Vered began playing the piano at the age of three, and later attended the Paris Conservatory where she studied with the eminent pianist Vlado Perlemuter. Born in Israel, she graduated from the Paris Conservatory at fifteen and completed her studies at the Juilliard School in New York City under the tutorship of Rosina Lhevinne, Nadia Reisenberg and Aube Tzerko. She made her debut as one of the first winners of the Young Concert Artists International Competition.
 
She has been heard in recital in virtually all of the music centers of the world, and has been engaged and re-engaged as soloist with the leading orchestras of our time: the New York Philharmonic, the Boston Symphony, the Philadelphia Orchestra, the Chicago Symphony, the Cleveland Orchestra, the San Francisco Symphony, the Los Angeles Philharmonic, the London Symphony, Royal Philharmonic, and Philharmonia, the Concertgebouw of Amsterdam, the Orchestre de la Suisse Romande, the Japan NHK Symphony Orchestra, the Munich Philharmonic, and the Israel Philharmonic. She has performed as soloist under the batons of most of the world's finest conductors, including Stokowski, Solti, Mehta, Kempe, Kondrashin, Tilson Thomas, de Waart, Slatkin, Comissiona, Conlon, Davis, Sanderling, Cassadesus, Bertini, Weller, Sawalich, Atzmon, Leppard, rodan, Judd, Foster, Bamert, Janson and Vanska.

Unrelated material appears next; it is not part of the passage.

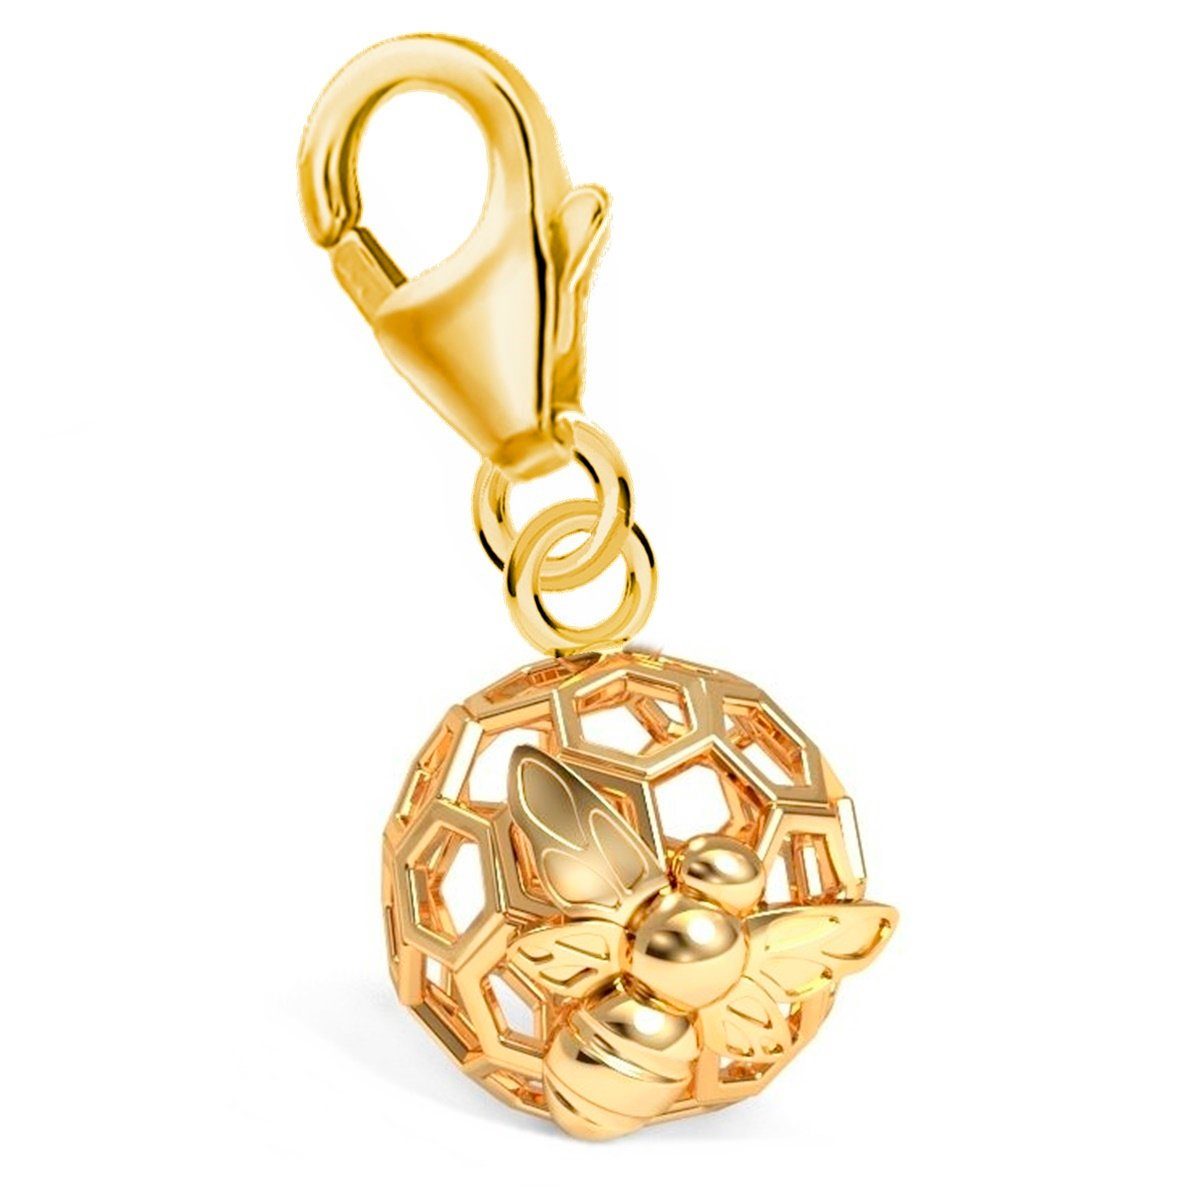 Goldene Hufeisen Charm-Einhänger Vergoldet Gliederarmband Halskette Biene für Anhänger Silber Honigwabe (inkl. 925 Karabiner Etui), oder Charm mit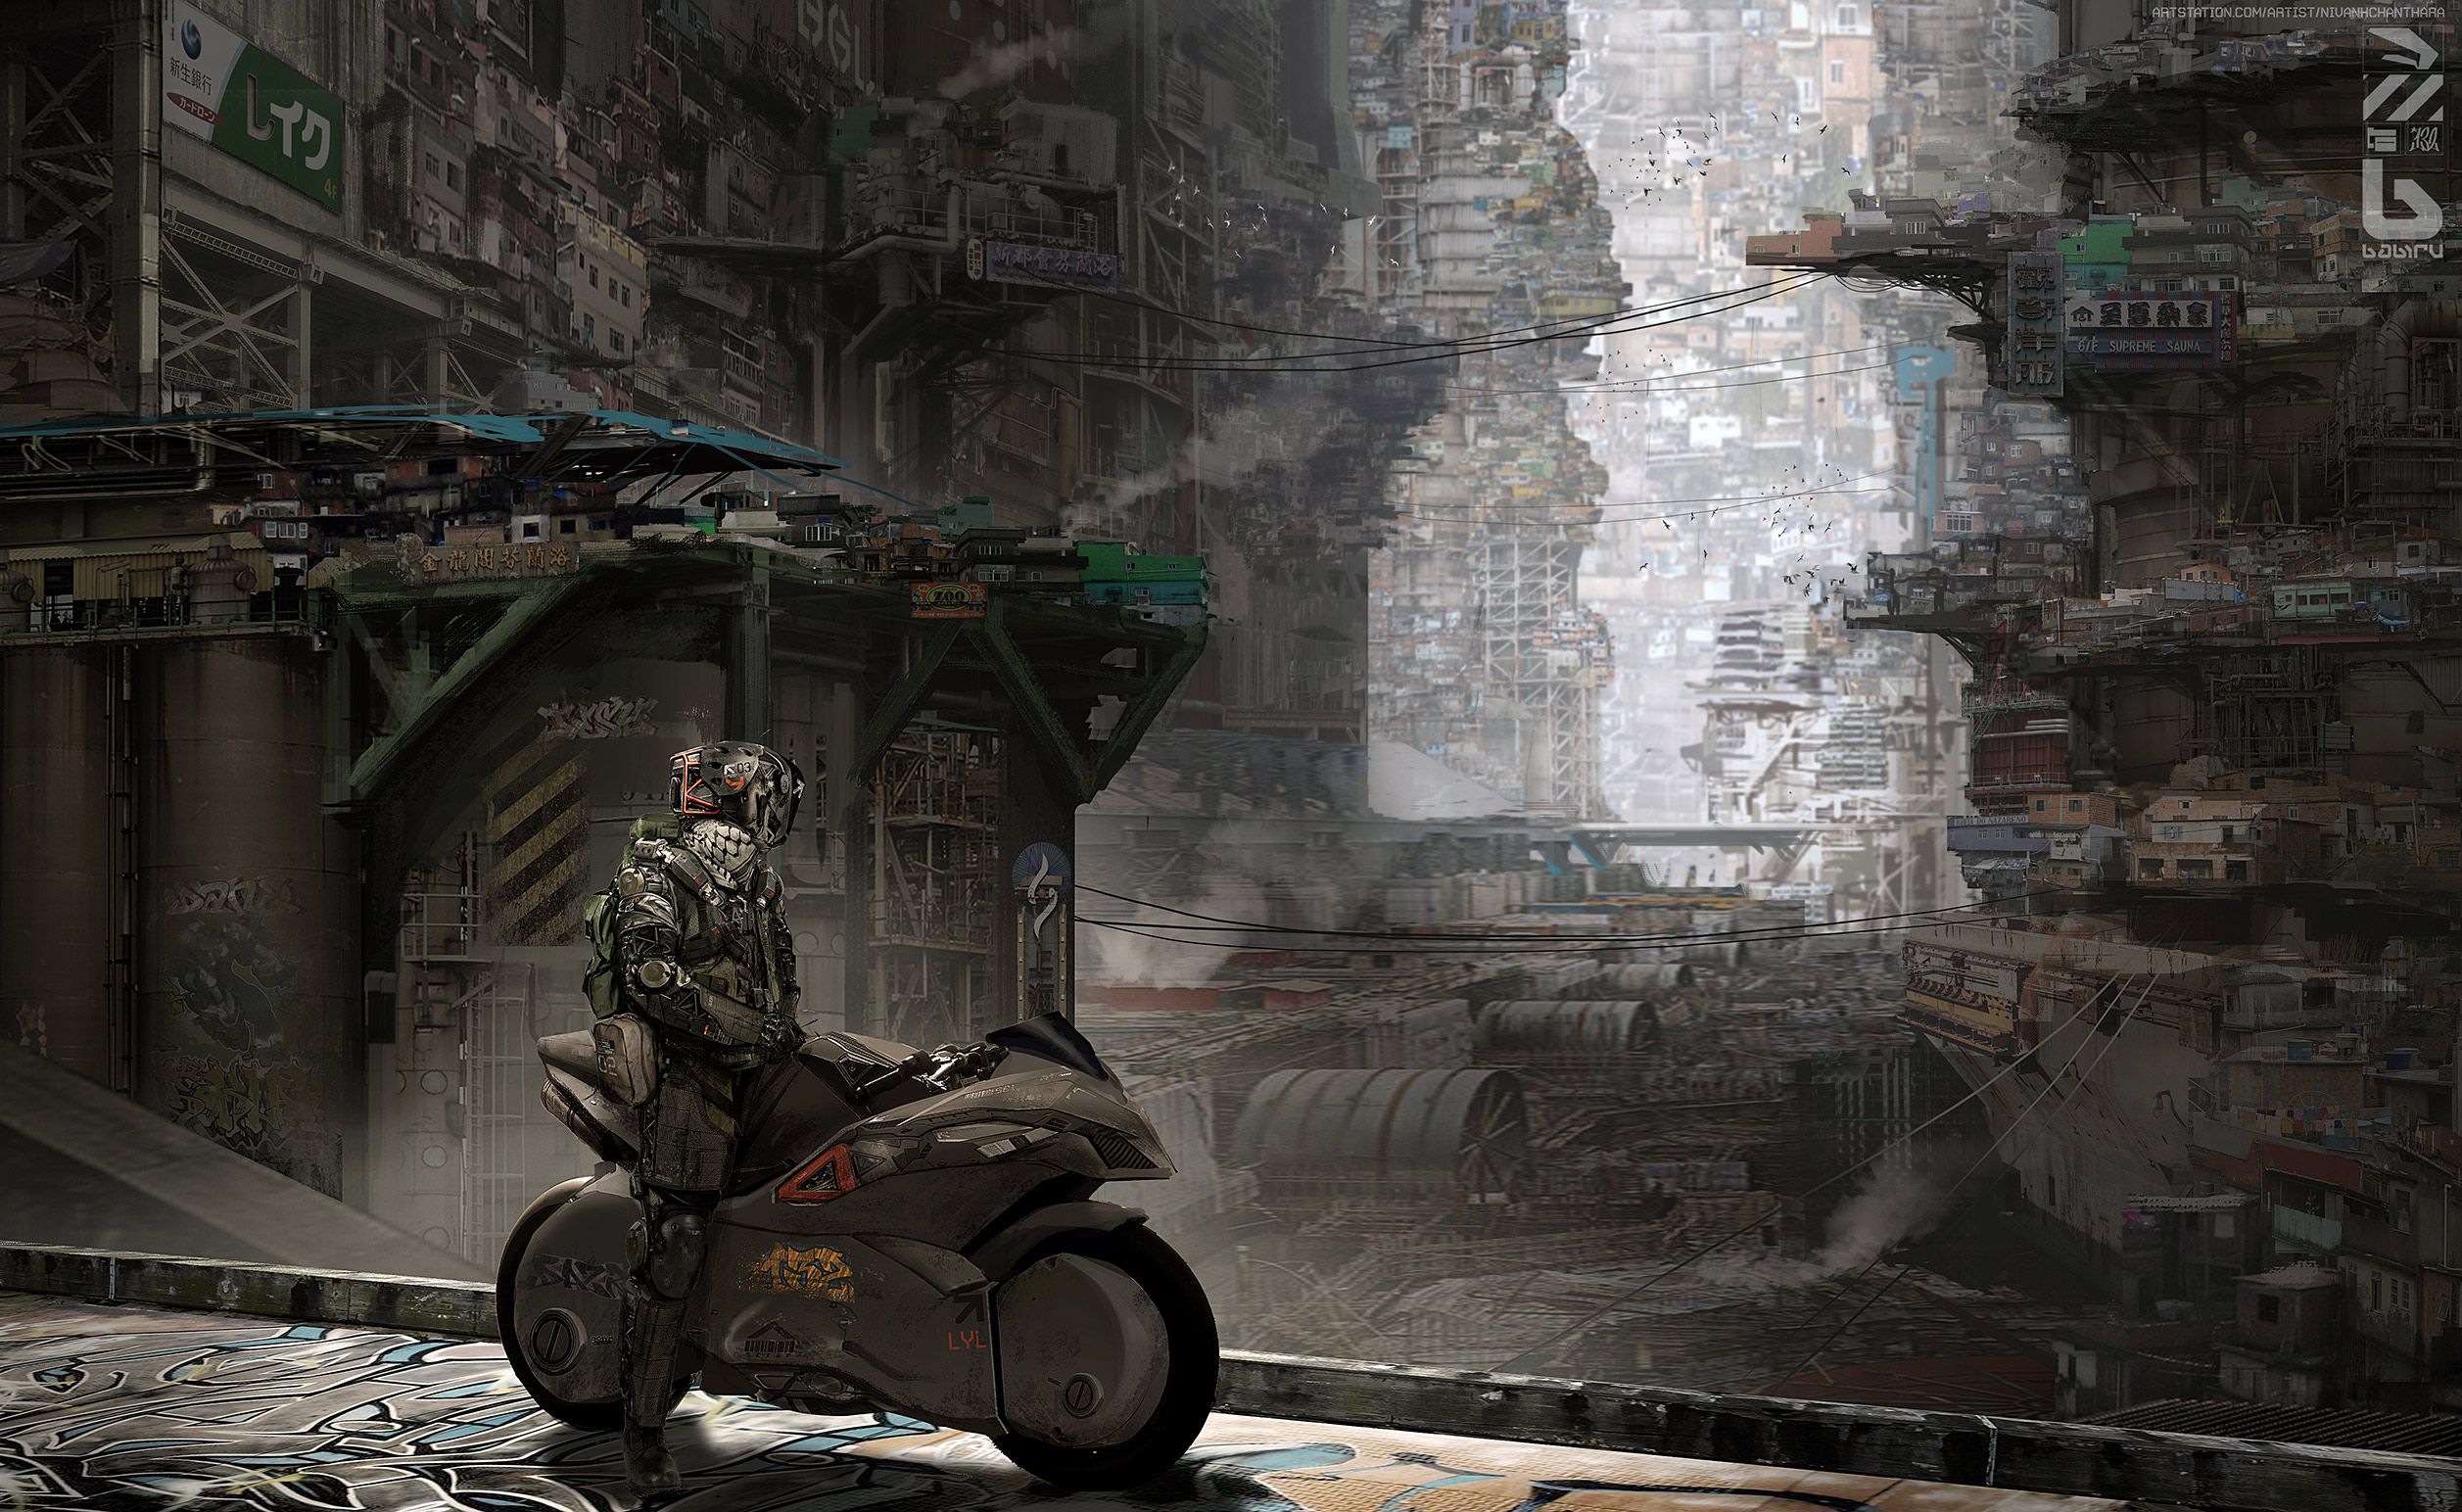 Futuristic Slum

A regular participant in summer festivals, Vered has made appearances at the Mostly Mozart Festival in New York, Chicago's Ravinia Festival, Tanglewood, Caramoor, Cleveland's Blossom Festival, the Meadow-brooks Festival in Detroit and at Los Angeles' Hollywood Bowl.
 
Vered is a chamber musician of distinction and has appeared with important chamber ensembles throughout the world. She is noted particularly for her frequent performances with the Tokyo String Quartet. A highlight of this collaboration was Vered's world premiere performance with the ensemble of Ezra Laderman's Piano Quintet at the Metropolitan Museum in New York City. This work, which was written for Vered and the Tokyo String Quartet, was later recorded by them for the RCA label.